Do you remember the promise made by the cloud to save us money? It was meant to be the efficiency play of all times. However, a bad news is hiding in the bills of countless firms. The same systems that were created to scale, serverless and event-driven architectures are now causing financial havoc. Why are all the IT leaders gazing at bills that increased three times in a night and no significant increase in traffic? The solution is found deeper than you assume.
The Scalability Trap
Serverless computing was a dream that they sold us. You only pay what you consume, to the milli-second. It’s a perfect model, in theory. However, this forms a tax invisible on all digital actions. An upload by an individual user, a small API request, a database event–they all cost money. It is the essence of the problem in this granularity. We created systems that have unlimited scaling, whereas our budgets have none whatsoever.
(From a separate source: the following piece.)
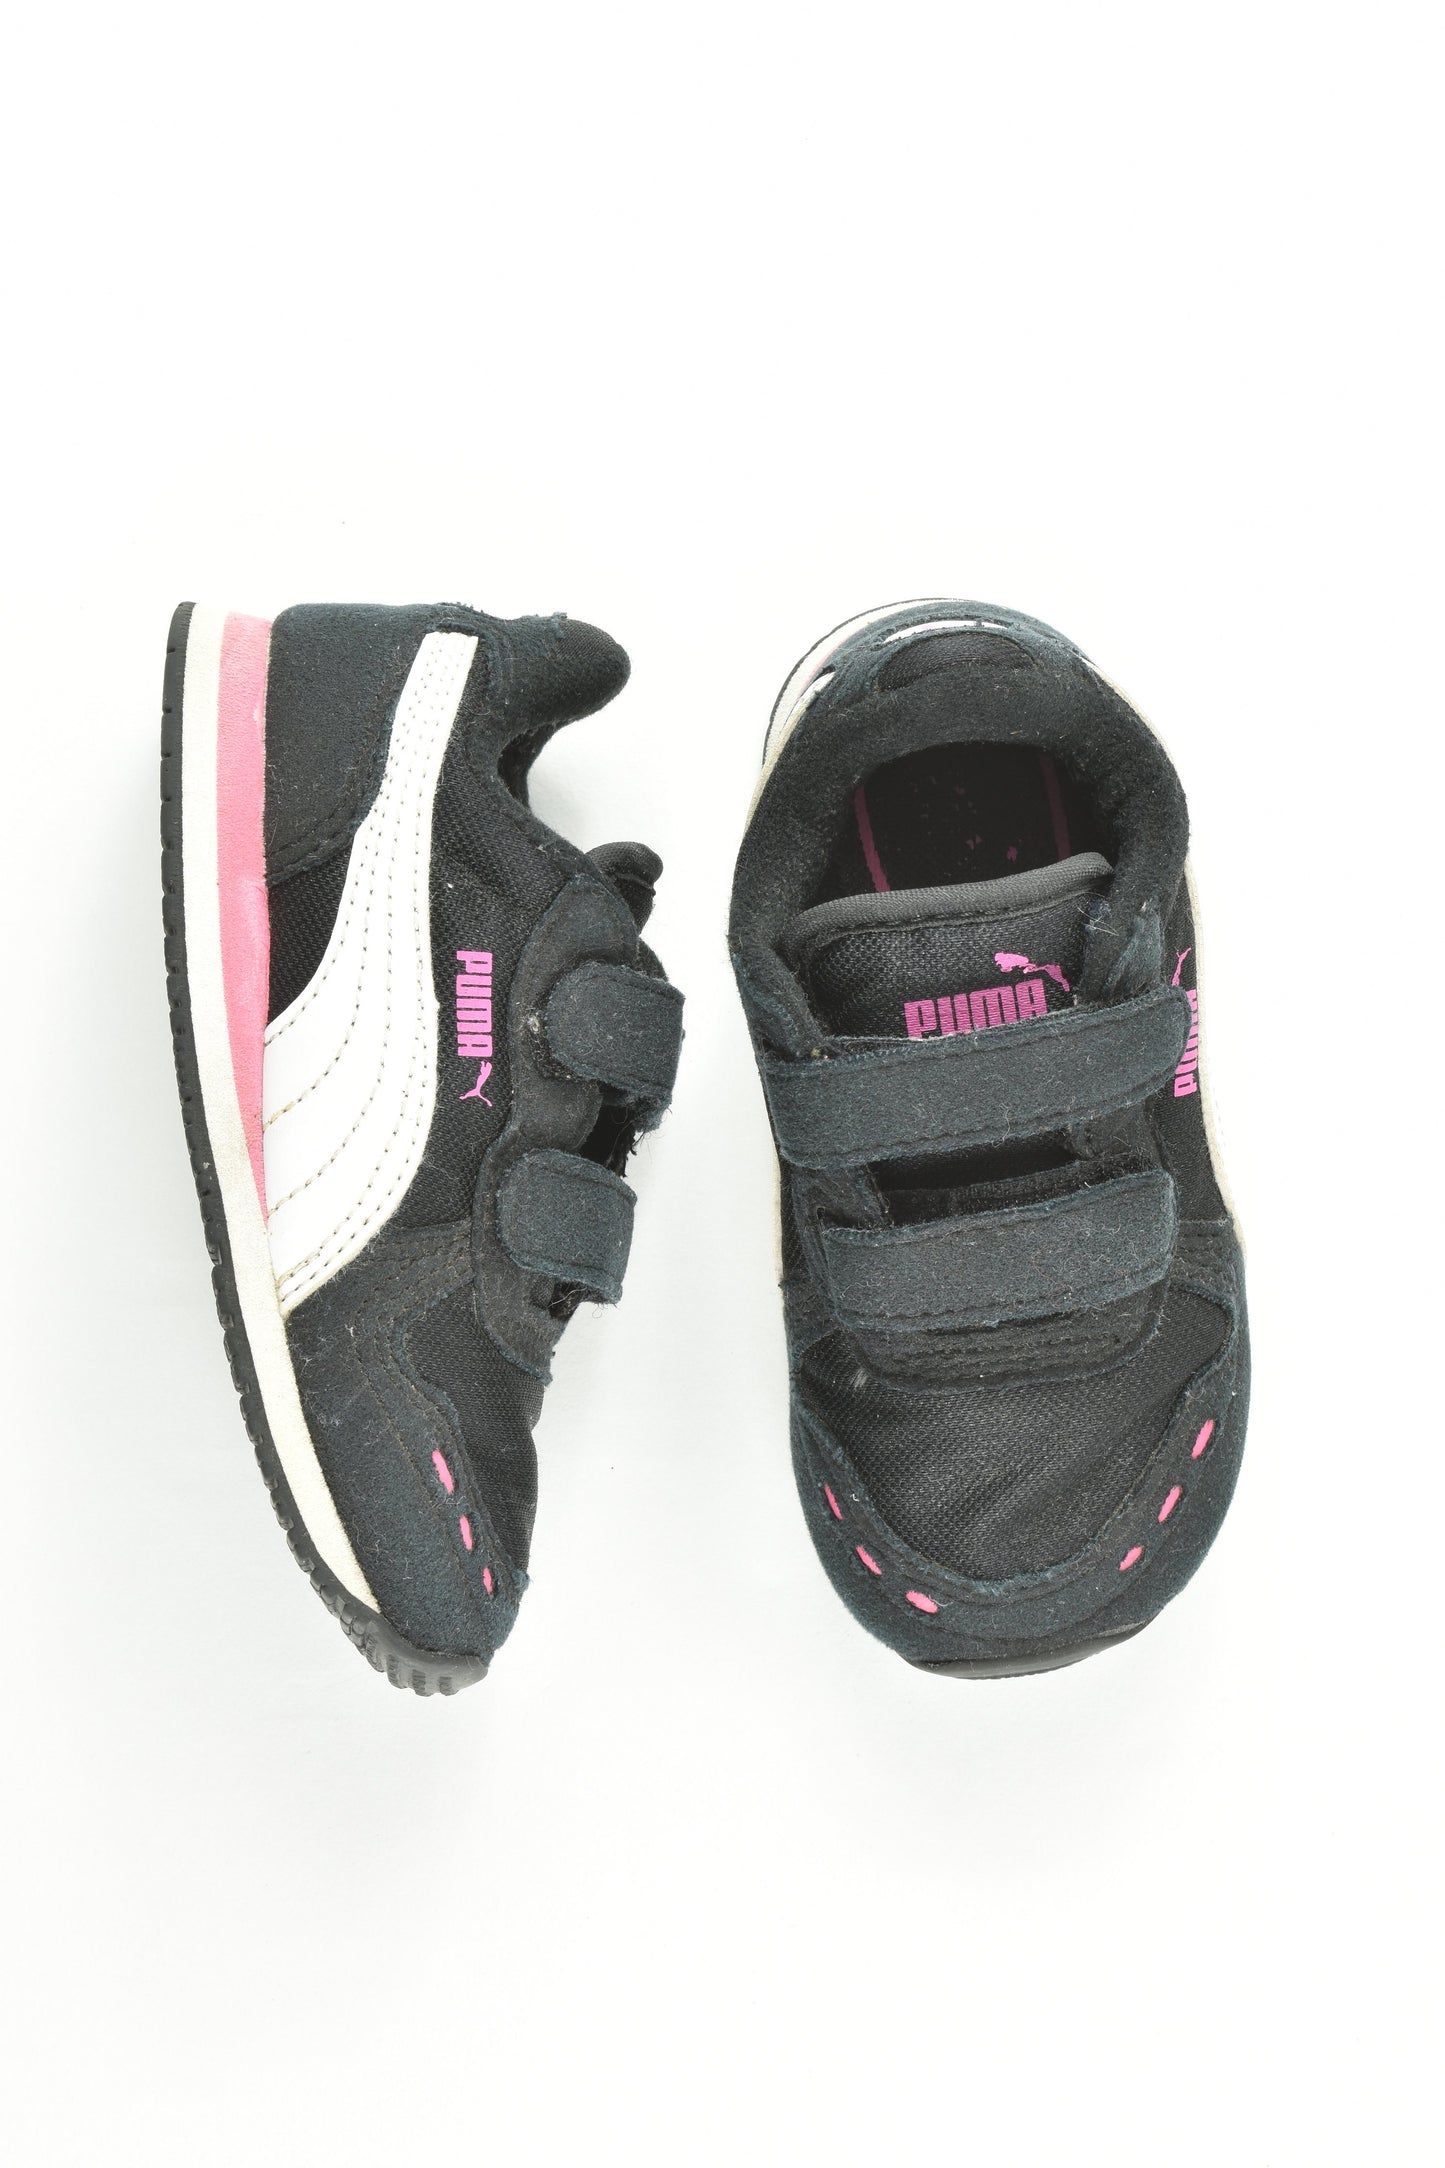 Puma Size UK 8 Shoes

- Most cloud architects of a large fintech have observed that they stopped dealing with cattle and began dealing with ants. The monetary management of an ant colony is entirely different.
The Incident Command Domino Effect
Webs of microservices are modern applications. Consider a very basic action such as user uploading a profile picture. That does not happen and only stimulate a single function. It can set off a cascade. A first is the validation of the file by a function. Then another resizes it. It is then scanned by an AI service to get its content. Lastly, notification is dispatched. One thing led to another four or five. This domino effect is having a devastating effect on pre-allocated cloud budgets. It is beautiful because it is complex and brutal because it is not cheap.
Where Have we Lost the Monitoring?
Conventional IT monitoring instruments are virtually unaware of this problem. They were constructed in a world of incessant virtual machines. They follow huge, deterministic assets. IT monitoring instruments therefore do not see the tsunami of micro-transactions. Your total compute expenditure may appear to be stable. However, there is a hidden line in the item budget showing “Lambda-GB-Seconds” which has burst. This is one of the essential gaps of visibility. How could you cope with the things that you cannot even see?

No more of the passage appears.